MediaOne's decision to buck the industry trend by not choosing a conditional access scheme based on either Scientific-Atlanta or General Instrument technology comes as both a breath of fresh air and a case of an MSO finally putting its money where its mouth is.
Instead of offering up the usual lip-service about wanting to open the market to a wider range of set-top manufacturers, MediaOne has the foresight and guts to actually do just that by giving the nod to Canal+ Technologies and its Mediaguard software. With a single stroke of a pen, MediaOne has legitimized Cable Television Laboratories' OpenCable project, which specifies a standardized digital set-top with a separate conditional access device, known as a "POD" (or "point of deployment" device). By disconnecting the conditional access from the set-top, cable operators are free to allow retail sale of the hardware, while closely controlling access to premium services via the POD.

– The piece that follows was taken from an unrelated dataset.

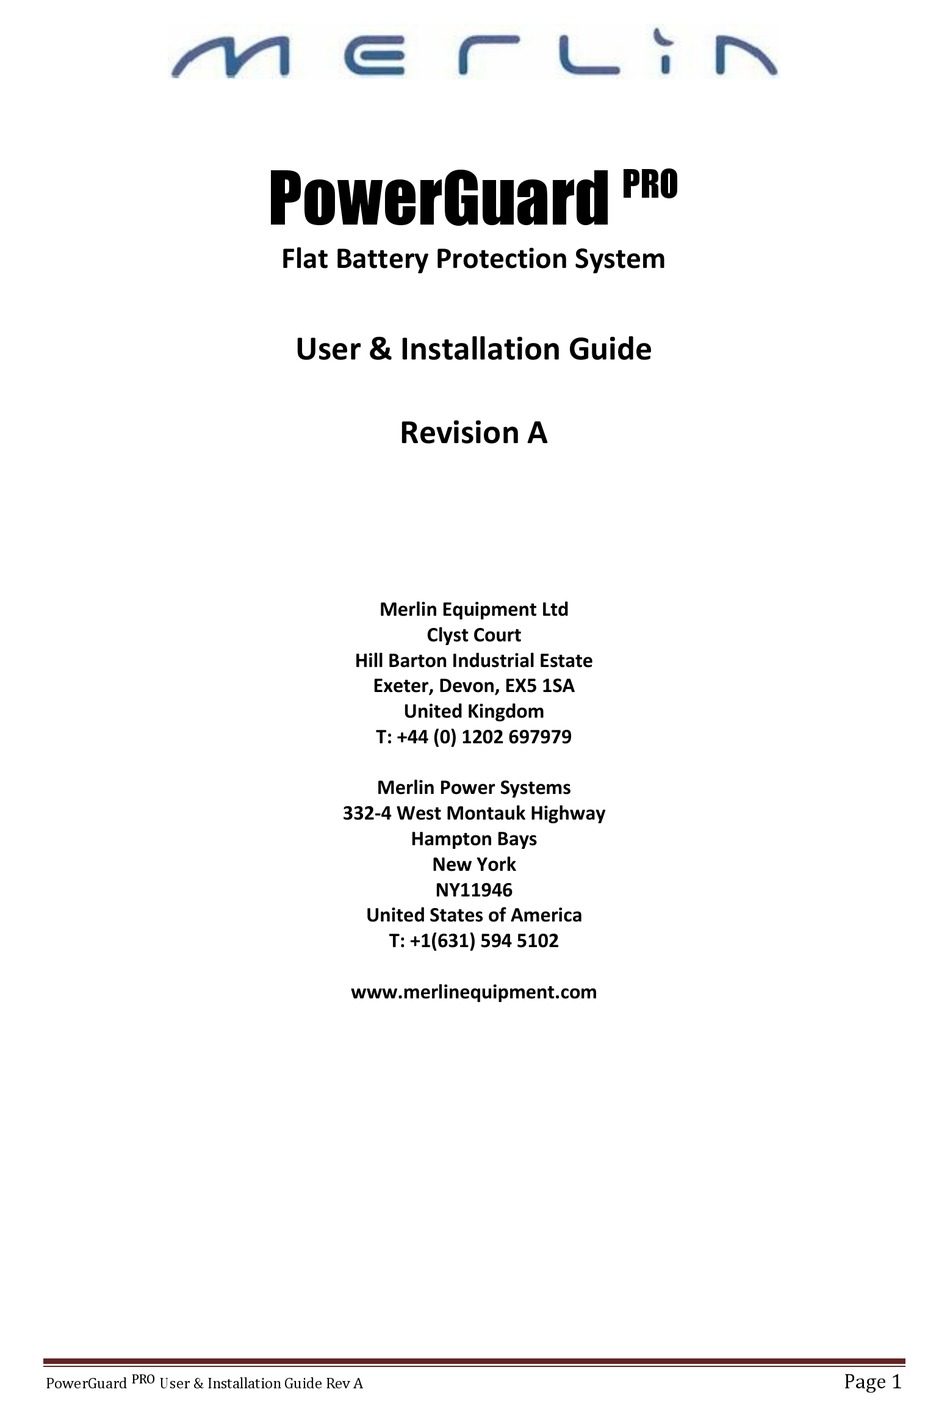 Merlin PowerGuard PRO - Flat Battery Protection

Up until MediaOne's announcement, however, surprisingly little progress toward that goal had been made. In fact, it could be argued that the industry had done everything possible to scare off potential manufacturers. Pace Microsystems, a U.K.-based set-top manufacturer, is one such spurned suitor-after acquiring a technology license from GI, the company eventually pulled back after it failed to find a customer who was willing to use it as more than leverage to get a lower price from someone else.
For the industry's two leading set-top makers, the MediaOne/Canal+/Philips/ Divicom deal should come as a wake-up call. For although both General Instrument and Scientific-Atlanta have publicly pledged their support of an open standard, the two have done little to foster one. Even their "historic" agreement to share their analog secrets (remember the "Harmony" agreement?) was largely symbolic-because the all-important descrambling keys haven't even been exchanged with one another.

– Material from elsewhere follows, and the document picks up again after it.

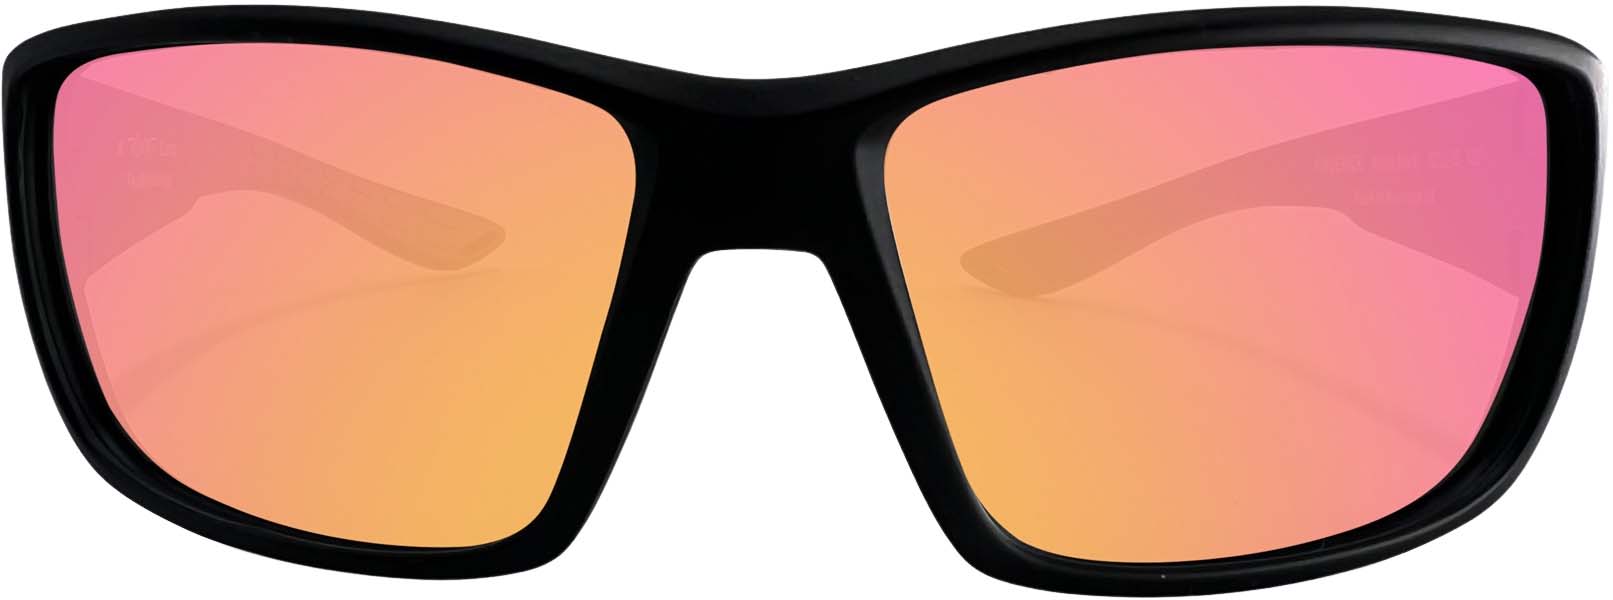 RLVNT Maverick Series Sunglasses

Bud Wonsiewicz, MediaOne's chief technical officer, and his staff should be commended for finally breaking the logjam that threatened to keep the cable industry beholden to just two major suppliers. With a true standard in place, the cable industry will soon find itself able to pick and choose from a variety of suppliers-of both PODs and set-tops.

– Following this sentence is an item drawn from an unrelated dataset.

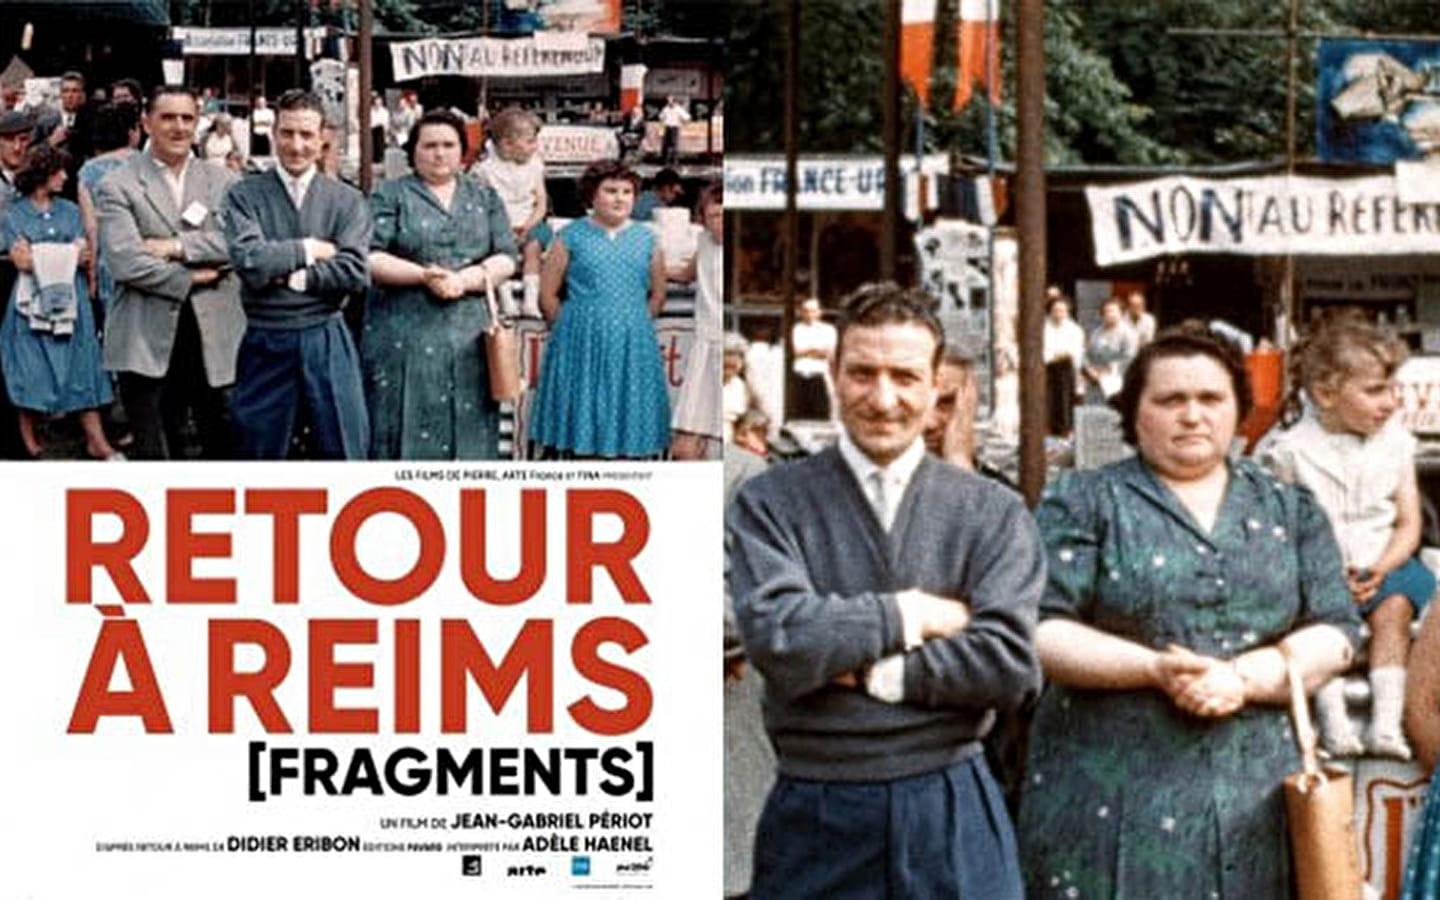 Screening of the film: retour à Reims (Fragments)

Thanks to this watershed announcement, it's likely that five years from now, U.S. cable customers will be able to shop at electronics stores and mass merchandise outlets and choose from several different brands of set-tops. World-class manufacturers now have an open standard on which to build product. Then the fun begins, because I have a sneaking suspicion a wide variety of new and neat applications will find their way into the device.